States Ask High Court to Stop Biden’s Student Debt Relief Plan

July 9, 2024, 7:48 PM UTC

A small group of Republican-led states want the US Supreme Court to step in and block President Joe Biden’s second attempt to forgive billions of dollars in student loan debt.

In an emergency request addressed to Justice Neil Gorsuch on Tuesday, Texas, South Carolina, and Alaska asked the court to toss out a lower court order that paves the way for the Education Department to lower loan payments along with canceling student debt under a new rule beginning Aug. 1.

As the justice assigned to the US Court of Appeals for the Tenth Circuit, which issued the order the states are looking to have vacated, Gorsuch can either act on the emergency request alone or refer the matter to the full court for its review.

The Education Department lacks clear congressional authority to implement a debt relief program that will cost taxpayers $475 billion, the states argue, though the Education Department estimates the rule’s total cost to be $156 billion.

Known as the SAVE PLAN, the rule caps repayment of undergraduate loans at 5% of a borrower’s discretionary income, redefines discretionary income, and makes borrowers who took out $12,000 or less for undergraduate or graduate post-secondary studies eligible for forgiveness if they made monthly payments for at least 10 years. A separate part of the plan that permits loan forgiveness remains blocked by a ruling from a federal district court in Missouri.

Last year, the Supreme Court threw out Biden’s first student loan relief plan, which was expected to benefit some 40 million people and cost $400 billion over 30 years. In a 6-3 decision that split along the court’s ideological line, the conservative majority said the administration seized the power of the legislature and didn’t have the authority to cancel that much debt under the HEROES Act.

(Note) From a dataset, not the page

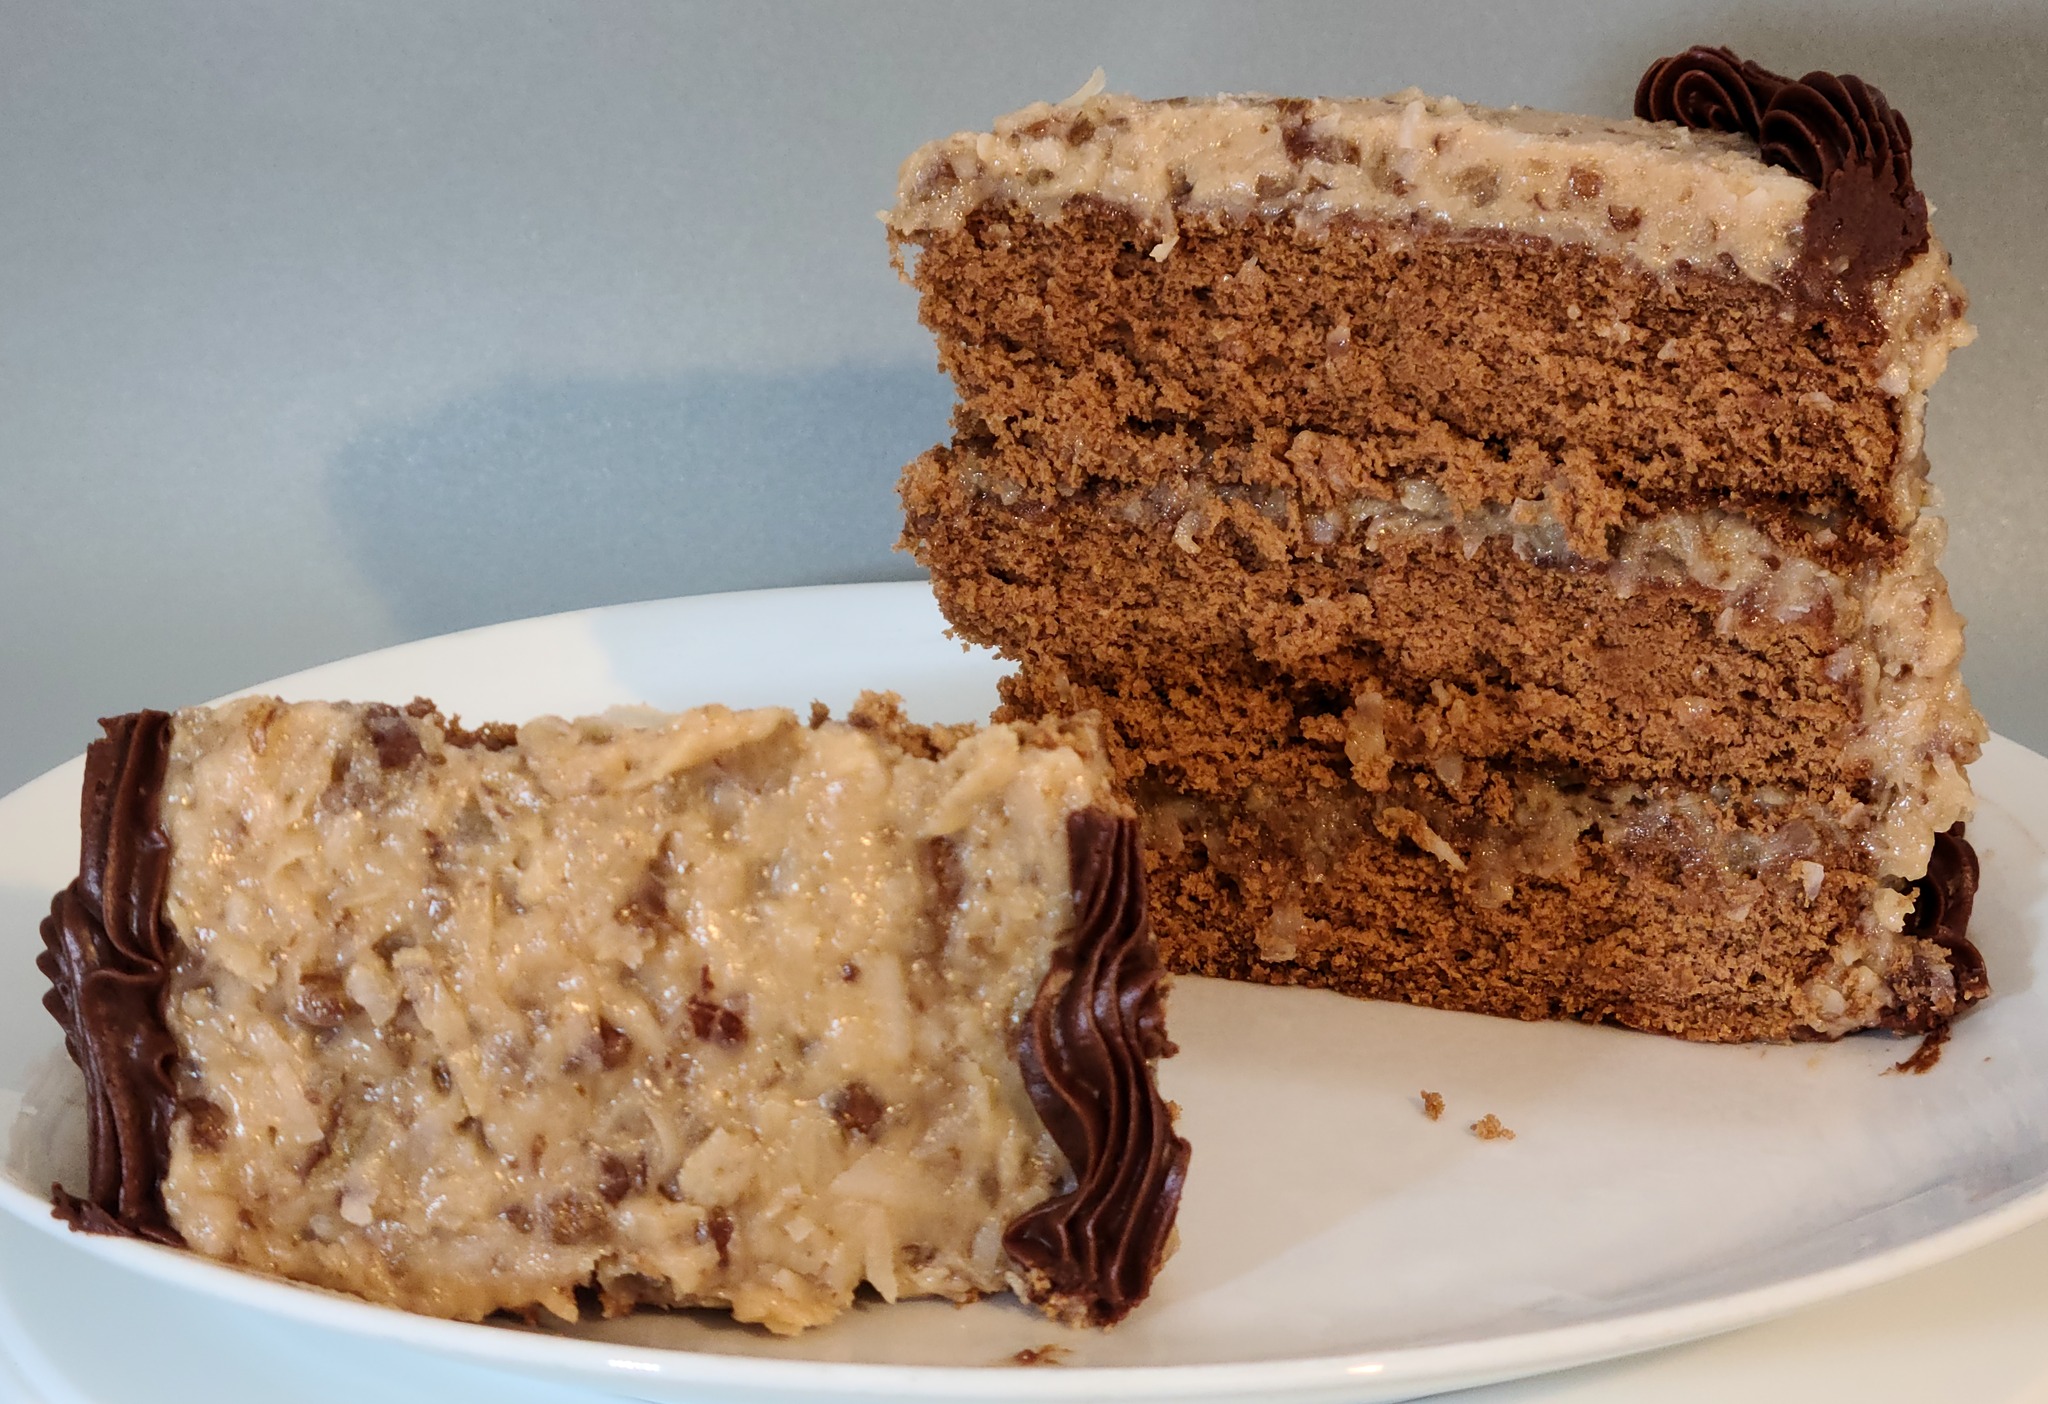 Classic German Chocolate Cake | Raleigh NC (pic: facebook.com/premiercakesbakerycafe)

The department has known since the Supreme Court’s 2023 ruling in Biden v. Nebraska that it can’t cancel hundreds of billions of dollars worth of student loans without clear authorization from Congress, yet the department rushed forward with the final rule, basing it on the Higher Education Act, “which contains no such express grant of authority,” the states said.

The states asked the Supreme Court to consider the emergency request a petition for a writ of certiorari, which would move the dispute from the court’s emergency docket to its merits docket and allow for it to be fully briefed and argued next term.

The case is Alaska v. Cardona, U.S., No. 24A11, 7/9/24.